Солод присел к столу, как и был, в подштанниках. Сочувственно взглянул на чем-то расстроенного приятеля.
– Где был, корешок? Случилось что?
– Случилось. Докопался Глебовский. Сегодня на парткоме потребовал проверить по трудовым книжкам плотовщиков платежные ведомости. Нет ли приписанных «мертвых душ». Тоже мне Чичиков, сволочь!
– Чичиков это ты, корешок. «Мертвые души»-то у тебя. И много ли будет?
– Никого не будет. Порядок.
– Спроворил?
– В двух деревнях по реке пятерых нанял. Тыщу рублей за спектакль выложил. Трудовые книжки раздал с фамилиями, под которыми они, мол, у меня плотовщиками работали. Ну, да поварихе еще сотенную, чтоб своими признала. А трудовые книжки на всю сплавную братию придется завтра в отдел кадров свезти: партком требует. А там сверят с ведомостями, и все чистенько, как из прачечной.
– А плоты кто вместо них гонять будет?
– Никто. Я их за пьянку в общежитии с мужиками уволю. И к мордам их привыкнут, когда менты выспрашивать начнут, кто лишний зарплату получал.
– Так у тебя норма сплавки понизится, – сообразил Солод.
Фролов уже с улыбочкой еще водки выпил.
– Не снизятся. Занижены они у меня, потому люди и работают с превышением на сто и больше процентов. Нажму, и еще превысят.
– И с каждого сдерешь?
– Ну, там уж по грошику.
Солод, давно уже все понявший, а видимо, и присмотревшийся, как Фролов маневрирует, захихикал для вида, а может быть, и с расчетцем:
– Знаю я твои грошики. За семь лет у тебя, наверное, полмиллиона накоплено.
– Не считал.
– А прячешь где?
Фролов промолчал, а Солод добавил хитренько:
– Все равно узнаю. И поделимся, говорю. Честно, по-каторжному. Все равно смываться придется.
– Рано об этом. Глебовский у меня в голове. Как бы избавиться от него, заразы. Закопает в конце концов.

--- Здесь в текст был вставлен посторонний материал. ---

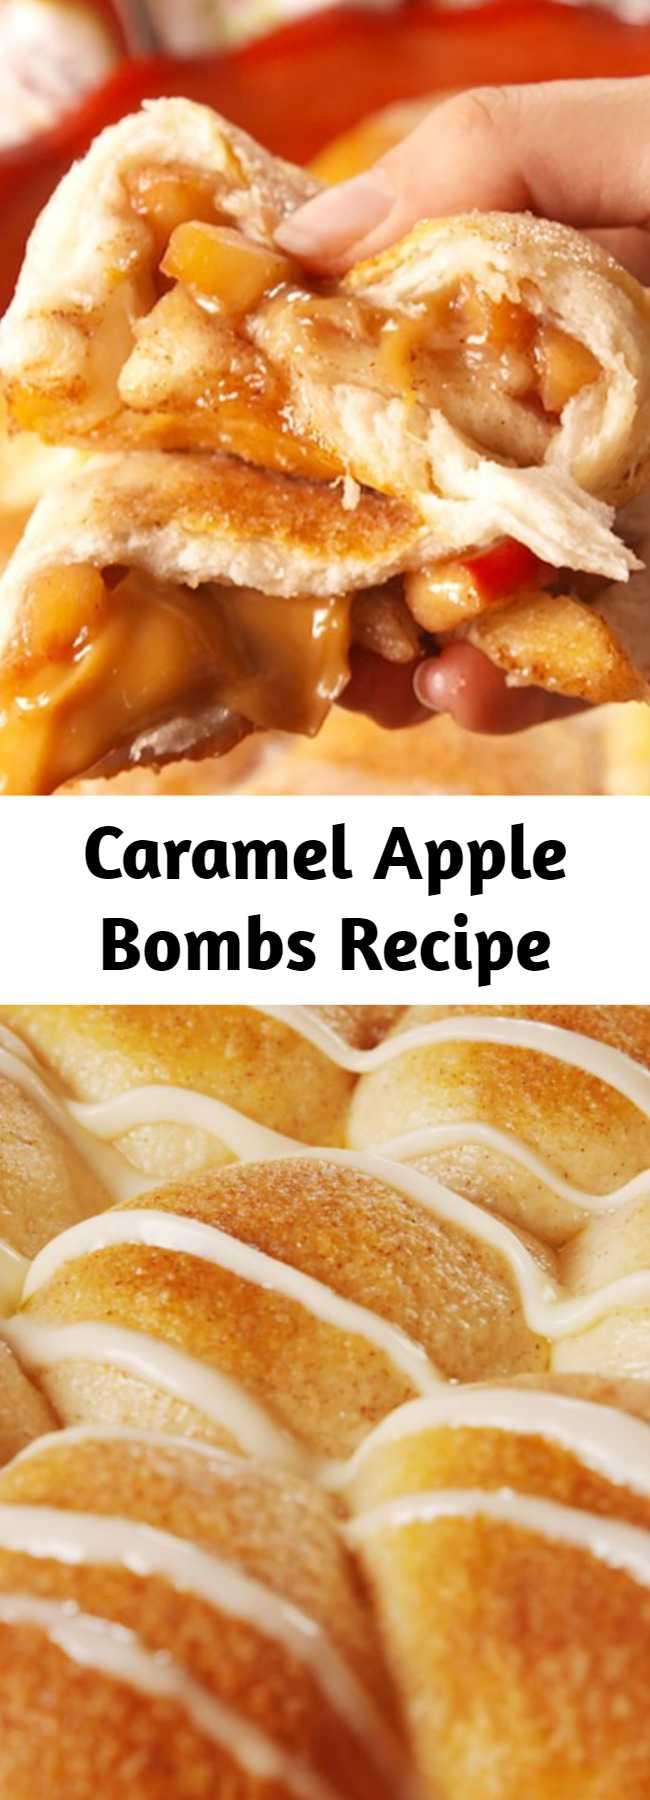 Caramel Apple Bombs Recipe - The best way to get your caramel apple fix. #easy #recipe #caramel #apple #fall #homemade #dessert #stuffed #fallrecipe #food #easyrecipe #apples

– А мы его к ногтю, – сказал Солод. – Тыщ десять дашь, причешу. Раз хлоп, два в гроб. И на твоих плотовщиков все свалим. Сначала, конечно, алиби себе обеспечим.
Вздохнул Фролов:
– Не поможет алиби: мотив у меня.
– Не будут искать мотив у старого партизана. Вон ты на карточке красуешься с усами, как у Буденного. Партизан Фролов в отряде капитана Глебовского.
Солод поднес лампу со стола к стенке, где красовалась в рамке увеличенная фотокарточка партизанской группы в лесу у брошенной сторожки лесничего.
– Когда это вас снимали?
– Почему вас? Там ты тоже есть. С краюшка рядом с Костровым стоишь. Перед тем как разделиться, нас и запечатлели.
У Солода рука дрогнула. Оглянулся, нашел, швырнул фотографию в рамке на стол так, что стекло зазвенело.
– Что ж ты молчал, гад мышачий?
– Так тебя на снимке ни один мент не узнает.
– Сжечь эту пакость сейчас же! – Солод сорвался в крике.
– Нельзя сжечь. Пока нужна она здесь как визитная карточка.
Солод вынул фотографию из рамки, достал финку из куртки, висевшей на спинке стула, и ровненько отрезал край снимка.